A pooling layer operates on each channel of the input independently. Given an input feature map of size H x W x C (height, width, channels), the pooling operation slides a window of size p_h x p_w across each spatial plane with a specified stride s and computes a summary statistic within that window. The output feature map has reduced spatial dimensions but retains the same number of channels.
The output dimensions are calculated as follows:
Output height = floor((H - p_h + 2 * padding) / s) + 1
Output width = floor((W - p_w + 2 * padding) / s) + 1
The most common configuration uses a 2x2 window with a stride of 2 and no padding, which halves the spatial dimensions in each direction and reduces the total number of spatial elements by a factor of four. In most deep learning frameworks, the default stride equals the pool size when no stride is explicitly specified, so adjacent pooling windows do not overlap. AlexNet (Krizhevsky et al., 2012) was a notable exception: it used 3x3 windows with stride 2, which overlap by one pixel on each side. Krizhevsky reported that overlapping pooling reduced the top-1 error rate by 0.4% and the top-5 error rate by 0.3% on ImageNet compared with the equivalent non-overlapping setup, and that models with overlapping pooling were slightly harder to overfit.
Consider a 4x4 input feature map and a 2x2 max pooling operation with stride 2:
Input: Output (max pool 2x2, stride 2):
[1 3 2 4] [3 4]
[5 6 7 8] [6 8]
[9 4 3 2] [9 3]
[1 2 3 1]
The top-left 2x2 region contains {1, 3, 5, 6}, so the pooled value is 6. The top-right region {2, 4, 7, 8} pools to 8. The bottom-left region {9, 4, 1, 2} pools to 9. The bottom-right region {3, 2, 3, 1} pools to 3. With average pooling the same windows would produce 3.75, 5.25, 4.0, and 2.25 respectively.

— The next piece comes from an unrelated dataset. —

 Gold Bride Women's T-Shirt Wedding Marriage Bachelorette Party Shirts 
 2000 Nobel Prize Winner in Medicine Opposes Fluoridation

The 4x4 input is reduced to 2x2 in either case.
| Parameter | Description | Typical values |
|---|---|---|
| Pool size (kernel size) | The height and width of the pooling window | 2x2, 3x3 |
| Stride | The step size for sliding the window across the input | 2 (matches pool size by default) |
| Padding | Zero-padding added to the input borders before pooling | 0 (no padding) or 1 |
| Channels | Pooling operates independently on each channel | Unchanged from input |
| Dilation | Spacing between elements in the pooling window | 1 (standard); supported by some frameworks |
Although pooling has no learnable parameters, gradients still need to flow back through it during training. For max pooling, the gradient with respect to the output is routed only to the input position that produced the maximum value within each window; all other positions receive zero gradient. Frameworks store the argmax indices during the forward pass to make the backward pass efficient. For average pooling, the output gradient is divided equally among all input positions in the window. This difference has practical consequences: max pooling produces sparse gradient updates, while average pooling distributes the signal across the whole receptive field.
Max pooling selects the maximum value within each pooling window. For a 2x2 window the operation examines four values and outputs the single largest one. This preserves the strongest activations in each local region, which often correspond to the most prominent features such as edges, corners, and textures. The intuition is that ReLU activations are non-negative and a high value indicates the presence of a feature, so taking the maximum keeps the evidence that the feature exists somewhere in the window without committing to its exact location.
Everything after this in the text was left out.